= Cantonment Clinch =

Cantonment Clinch was an Army fort in Pensacola, Florida built about 1822 (originally called Camp Hope and Camp Brady) and active through the early 1830s. It was established during the First Seminole Wars to house United States troops during a yellow fever epidemic in Pensacola and at Fort Barrancas.

==History==
In 1822, the Fourth Infantry Regiment of the U.S. Army, which had been stationed at positions since December 31, 1821, underwent changes due to a yellow fever outbreak in Pensacola. Company I was moved to Dauphin Island, Alabama. The remaining companies relocated to two camps west of Pensacola on Bayou Chico, called Camps Hope and Brady. Here, they constructed Cantonment Clinch in honor of their respected Colonel. This facility was built using logs for nine companies as per the 1821 military regulations, with each company constructing their own log housing. The troops were responsible for the entire construction, including flooring and roofing, with minimal reliance on nails and utilizing wooden pegs and clay for durability. The cantonment, which was whitewashed, provided comfortable quarters that were used for several years without further relocations until at least December 31, 1822.

The camp also served to facilitate the relocation of Creek and Seminole tribes to central Florida and to preempt any Spanish or English military action in the area. Reflective of the expedient fortification practices of the era, it was one of many forts built in mid-19th century Florida, with varying degrees of permanence and purpose, catering to the immediate defense needs of the coastal region. Cantonment Clinch, serving its intended short-term role, was ultimately disbanded as part of this broader pattern of transient military installations.

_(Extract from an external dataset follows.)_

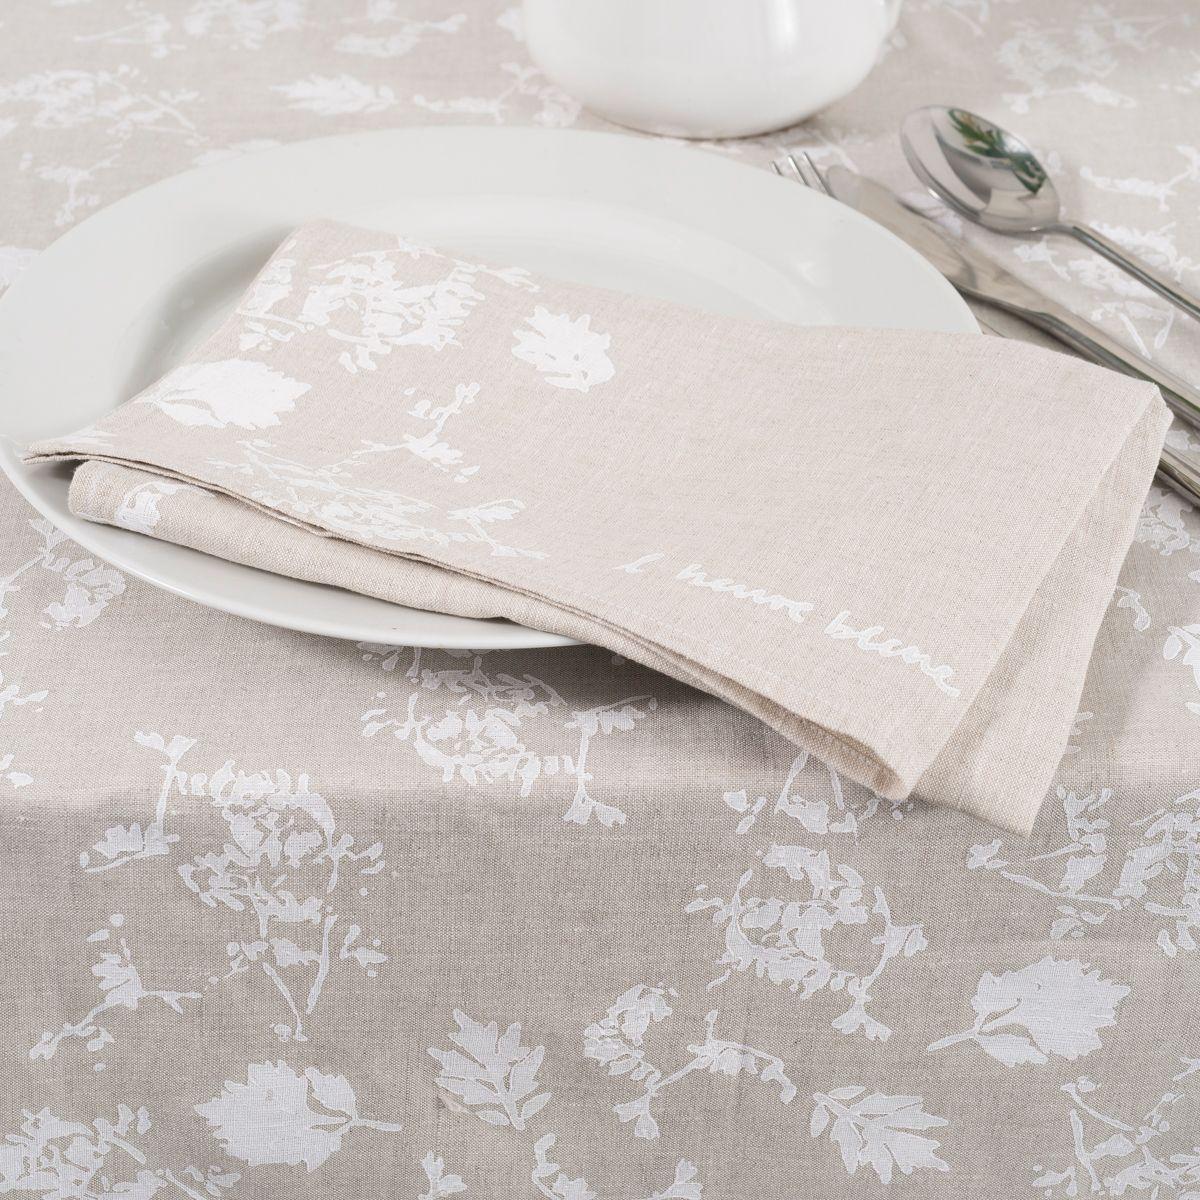 Hand Printed Linen Napkins Foglia Allora Hand Printed Linen Linen Napkins White Linen Napkins

Officers took United States Army troops to this location to flee an outbreak of yellow fever at other forts and in Pensacola city; they built this cantonment at the head of Bayou Chico circa 1822. The Cantonment lay three miles west of Pensacola. It was then a small town of 181 households, with about one-third the population of mixed race, reflecting its Creek, European and African residents, and their descendants of unions. In 1823, the military renamed this Camp Galvez Spring, and later that year as Cantonment Clinch, after a beloved colonel of their regiment.

The cantonment was built to include ten log barracks and ten quarters for officers, arrayed around a large parade ground. The Post Surgeon began recording weather observations in 1822, summarized in the Army Meteorological Register.

The US Army likely drew from these forces in local wars against the Pensacola and Creek tribes, as well as early Seminole Wars. The Seminole relocated to central Florida. The US military also used their troops to construct roads to other military facilities in west Florida and adjacent portions of Alabama.

The post closed circa 1830; the troops were evacuated to Baton Rouge, Louisiana.